Because you are our joy,
Therefore there is sadness in you (Ikkyu, 15th century)
Balmont lane

The most modest flowers
I bought it for five sen and returned -
I'm spending New Year's Eve
alone at home,
contemplating the bizarre frost...
Shaku Choku Translation by A. Dolina
The poetry of the famous philologist and ethnographer Origuchi Shinobu, better known in literary circles under the pseudonym Shaku Choku (1887–1953), represents a most interesting page in the history of tanka of the 20th century.

Russian haiku
Upside down
One more page.
New Year's snow.
Boris Akunin

The trill of the telephone will not stop,
Something strange is happening!
The girls want a New Year...

***
Today I looked outside the window -
The holiday will be with snow!
Lord, this is a miracle!!!
Based on Internet materials

Warms like haiku
sparkling champagne
on New Year's Eve.

Analysis of the form of haiku A haiku is a 17-syllable tercet with a strict division of syllables into lines: five in the first, seven in the second, five in the third.
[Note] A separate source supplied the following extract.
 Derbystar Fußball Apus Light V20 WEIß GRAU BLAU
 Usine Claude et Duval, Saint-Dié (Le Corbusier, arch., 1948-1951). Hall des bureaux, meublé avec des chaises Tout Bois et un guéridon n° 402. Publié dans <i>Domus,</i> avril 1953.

But this applies specifically to the Japanese language. Such clarity may disappear in translation. Original. Furuike I 5 Kawakazu Tobikomu 7 Minzu no oto. 5 Translation. Old pond. 3 The frog is jumping. 6 Water splash. 3 Conclusion: Haiku has a stable meter, but this does not exclude poetic license.

Slide 24 from the presentation "Haiku". The size of the archive with the presentation is 937 KB.